At the hotel entrance, I see a parking lot full of cars and hear loud music—there’s a wedding. “Any rooms?” I ask the receptionist. “No rooms, we have a wedding,” he replies. Despairing, I head back to my bike. It’s 9 PM, and freezing. The receptionist approaches me: “If you leave by 8 AM, I have a room.” “Perfect,” I say—I want to leave early anyway. He shows me where to park, and I head to my room. What a relief—the room is warm, new, and cozy, all for 25 euros. First thing, I take a hot shower, which thaws me out and leaves me feeling safe and relaxed. I crawl into bed, the sheets soft, wrapped in a warm duvet, grateful for my luck. Instead of riding on and searching for a hotel, I’m in bed, ready to sleep.

7:00 AM—I sit down for breakfast: two fried eggs, cheese, bread, and coffee. I have the whole day ahead, but I leave before the wedding guests wake up. I didn’t check the route before sleeping, and now, after just an hour of riding, I find myself at the Bosnia-Montenegro border.

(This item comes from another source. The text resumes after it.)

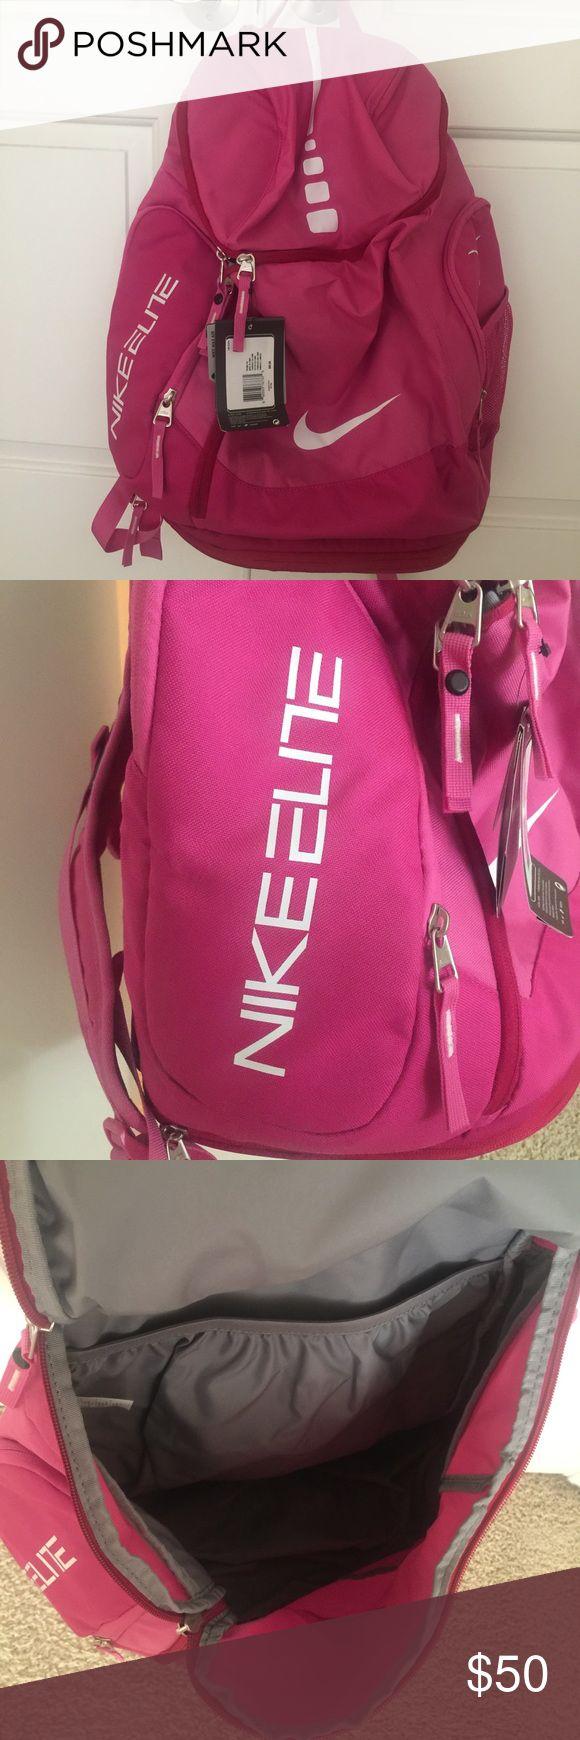 Nike Elite Basketball Bag/backpack Brand new with tags Nike Elite Basketball bag.  In perfect condition - great pink color Nike Bags Backpacks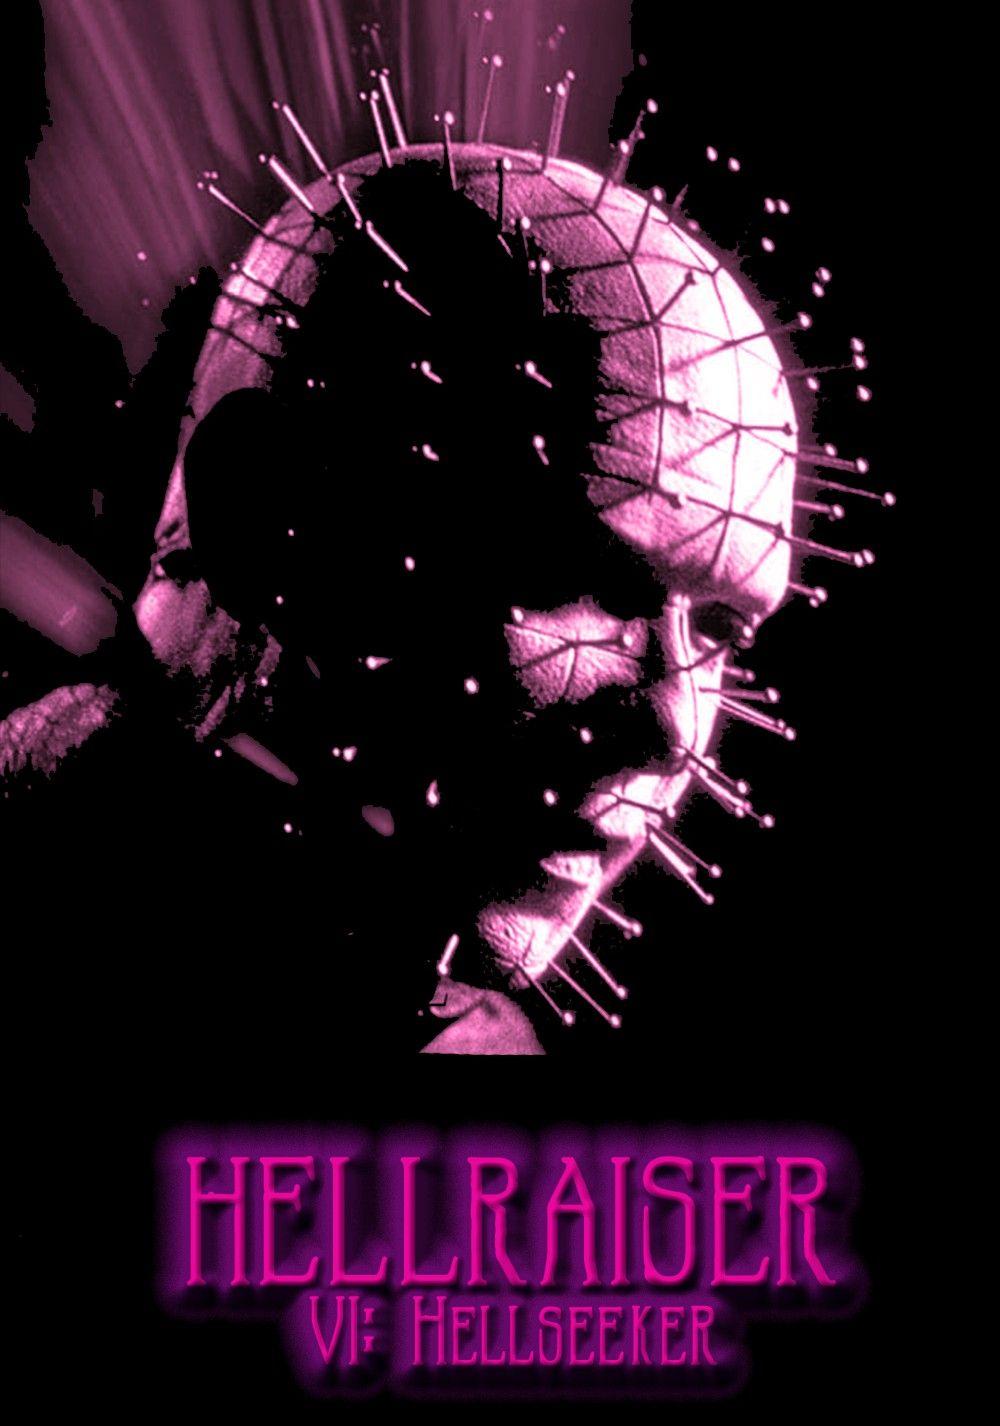 Hellraiser 6 Hellseeker 2002 Hellraiser Neon Signs Horror Films

Four cows roam near the line of cars, grazing on green grass. Three large stray dogs sleep by the border checkpoint. The line moves quickly, and within 15 minutes, I’m riding in the Republic of Montenegro.

The road winds through formidable mountains, eventually revealing a bay surrounded by peaks. I follow the road down to the water’s edge. At the first town I reach, I’ll stop to rest.